## WORK ITEM
Could every line below be transcribed exactly, with the pictures dropped?

## DATA EXCERPT
------------------------------
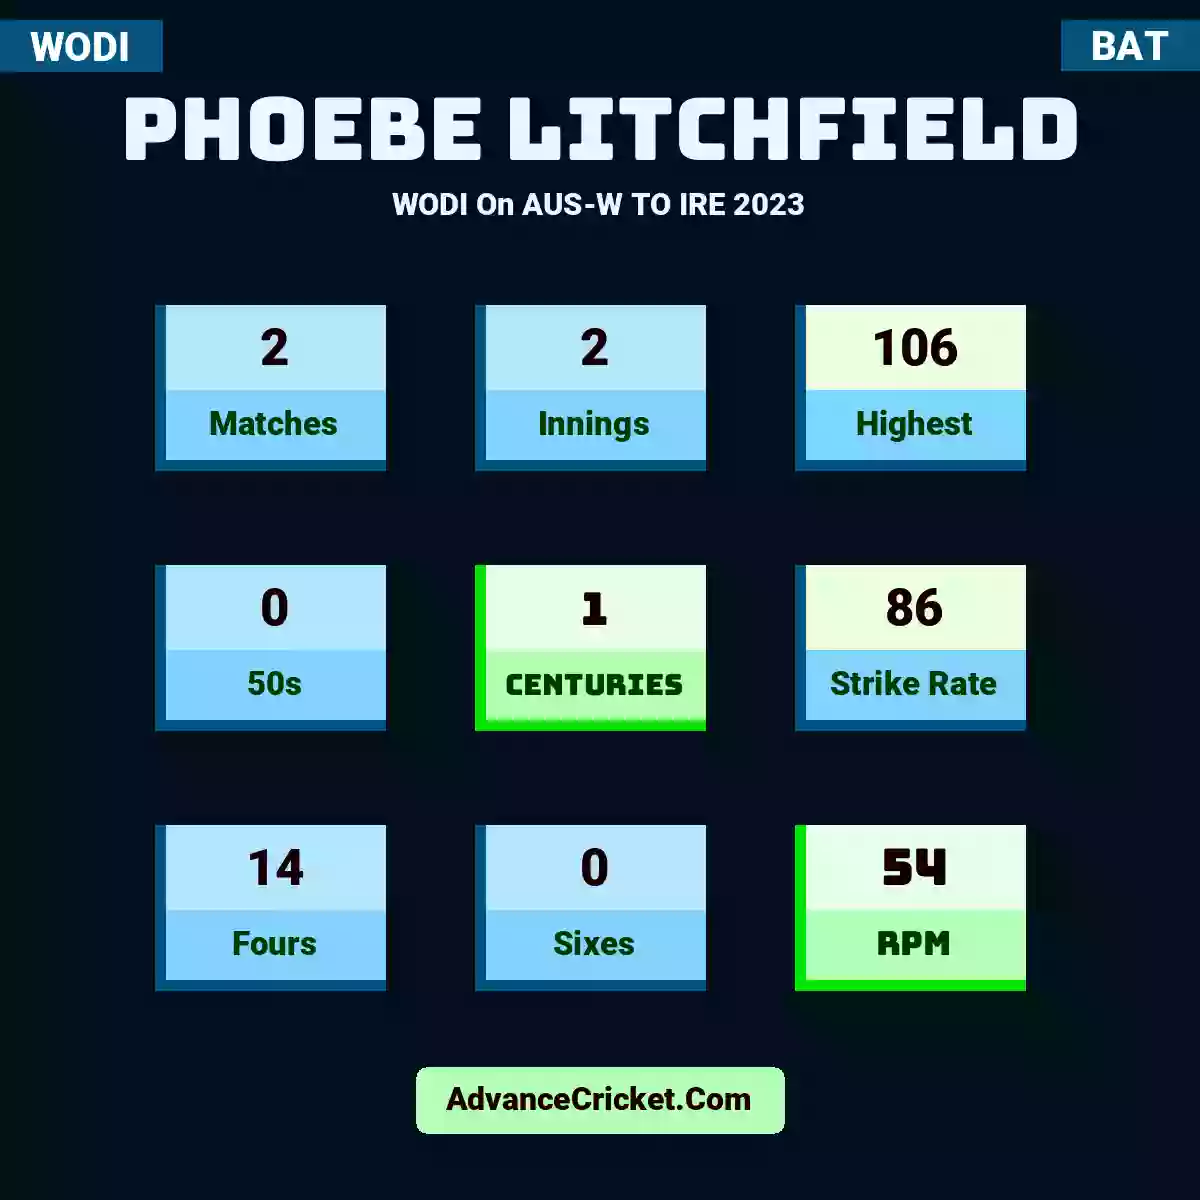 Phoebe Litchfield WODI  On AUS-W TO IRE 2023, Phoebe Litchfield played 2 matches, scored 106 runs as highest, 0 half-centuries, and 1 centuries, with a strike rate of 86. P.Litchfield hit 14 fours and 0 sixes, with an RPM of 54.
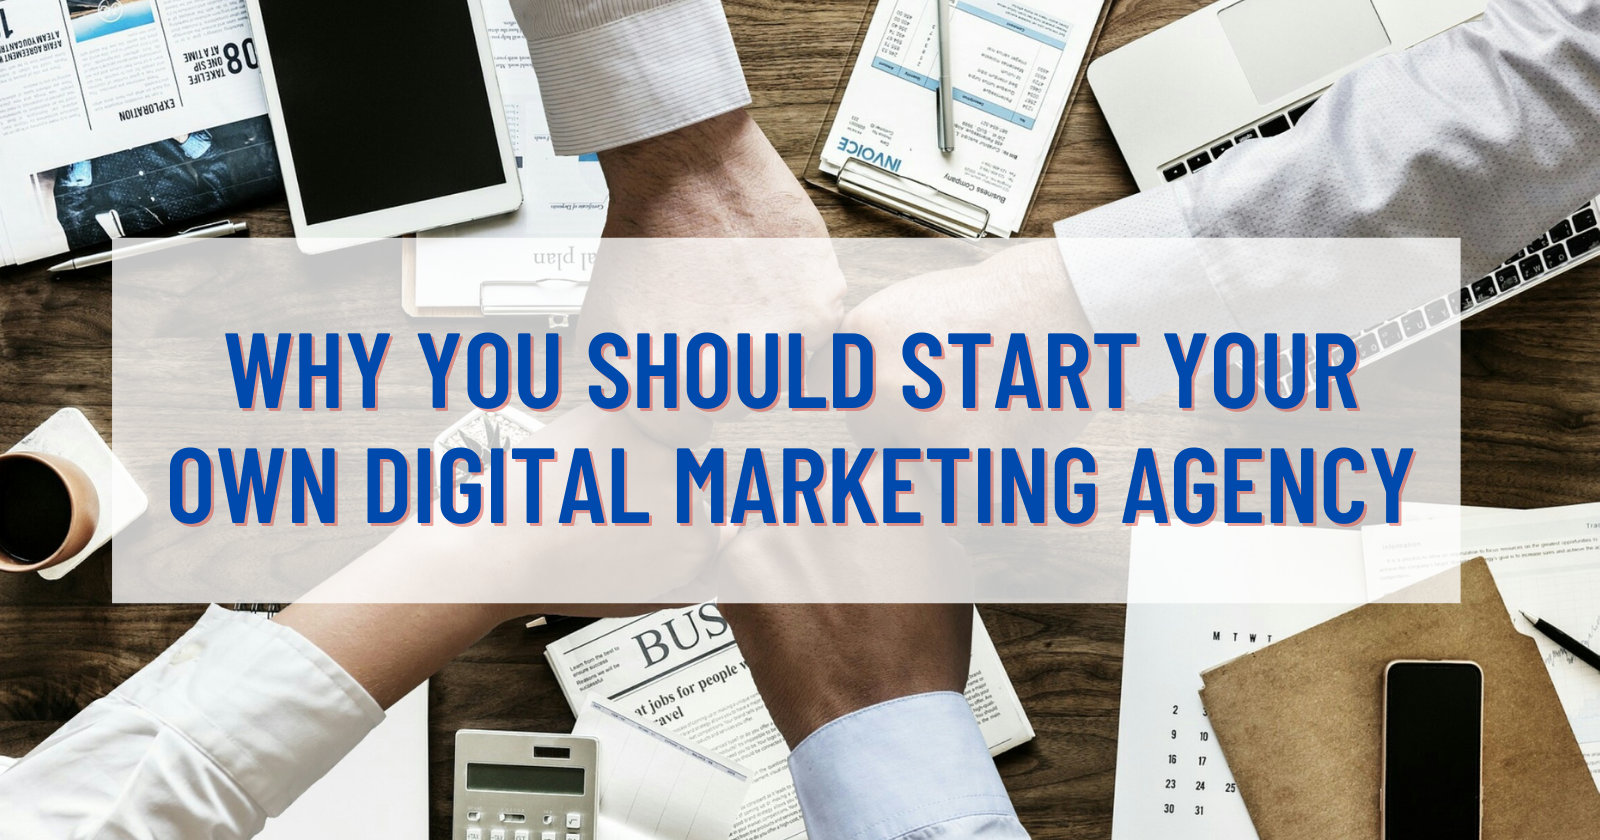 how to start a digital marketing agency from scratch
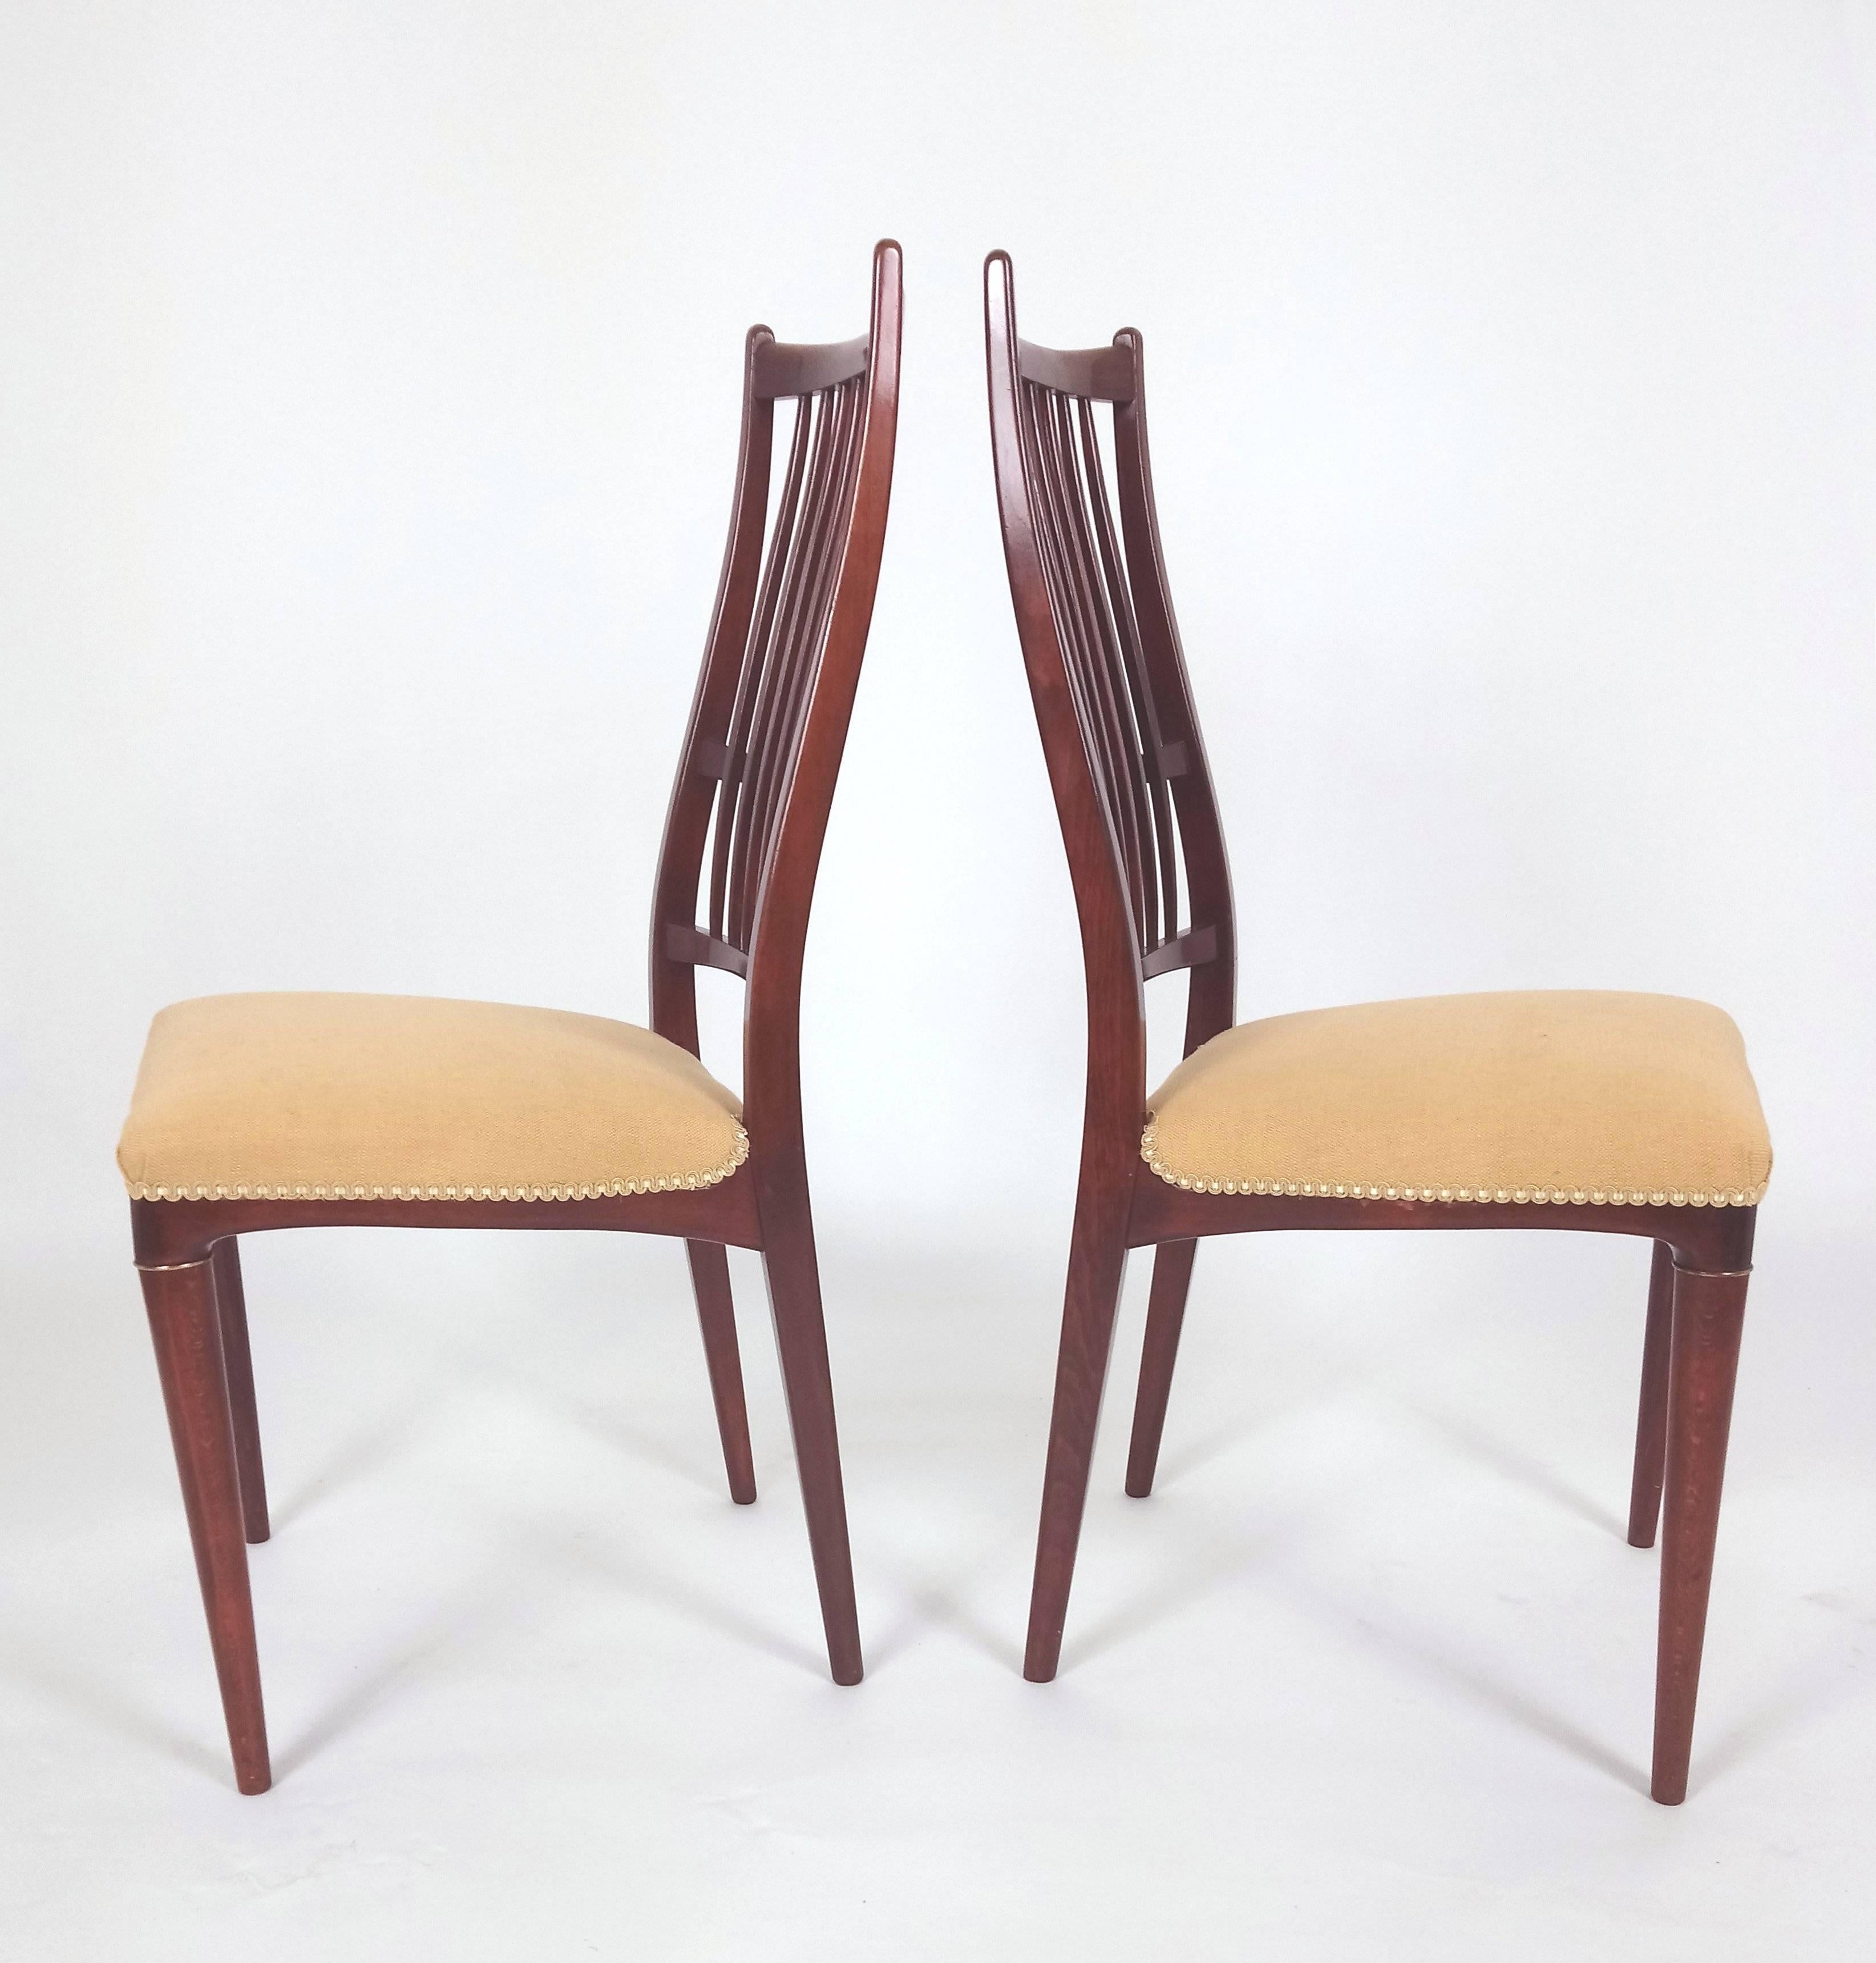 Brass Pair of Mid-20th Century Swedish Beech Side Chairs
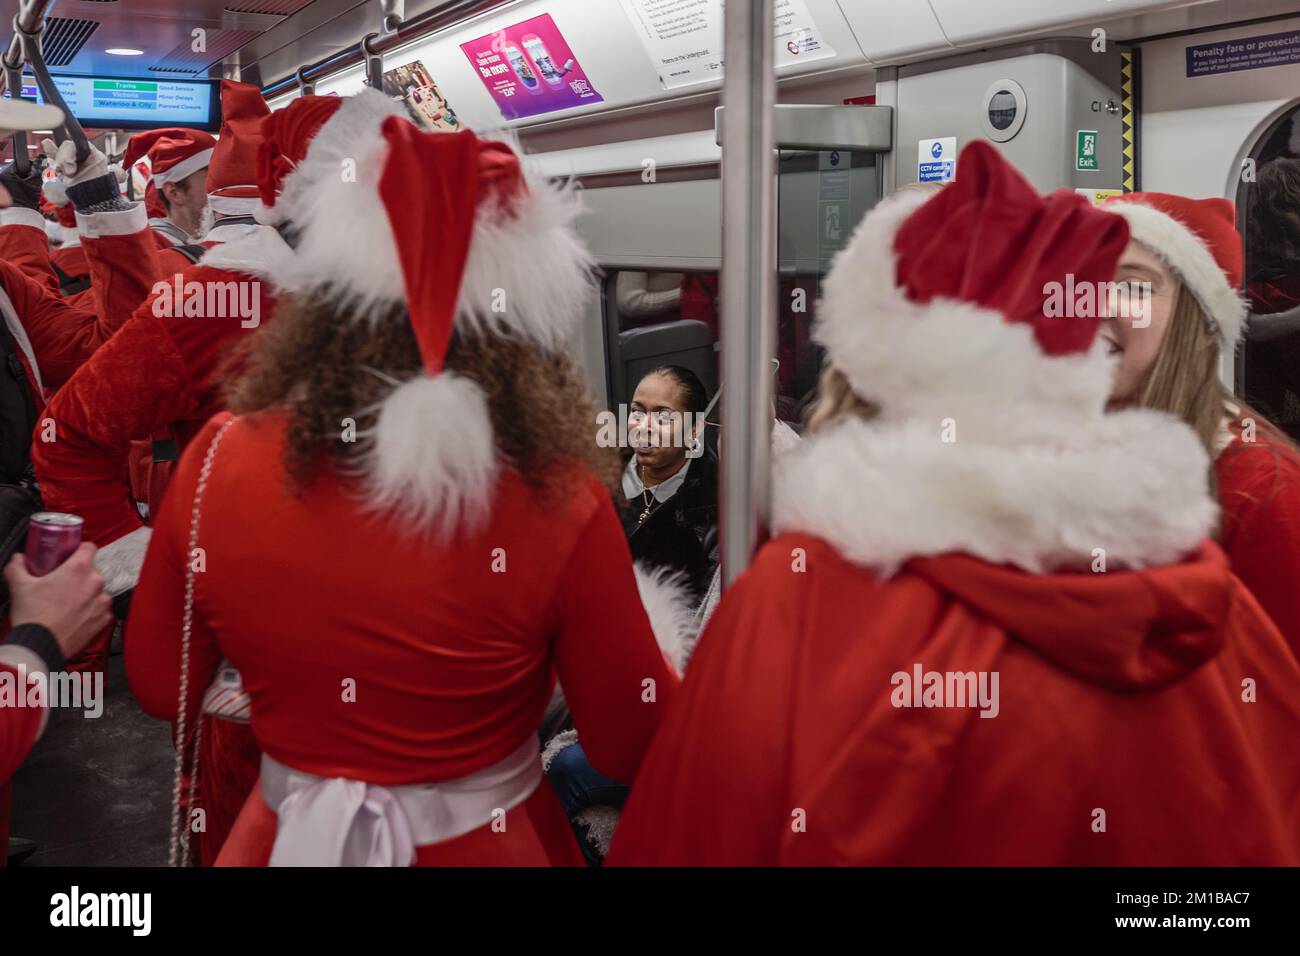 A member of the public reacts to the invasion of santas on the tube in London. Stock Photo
------------------------------
## RESPONSE AREA
 Phoebe Litchfield WODI  On AUS-W TO IRE 2023, Phoebe Litchfield played 2 matches, scored 106 runs as highest, 0 half-centuries, and 1 centuries, with a strike rate of 86. P.Litchfield hit 14 fours and 0 sixes, with an RPM of 54.
 how to start a digital marketing agency from scratch
 Brass Pair of Mid-20th Century Swedish Beech Side Chairs
 A member of the public reacts to the invasion of santas on the tube in London. Stock Photo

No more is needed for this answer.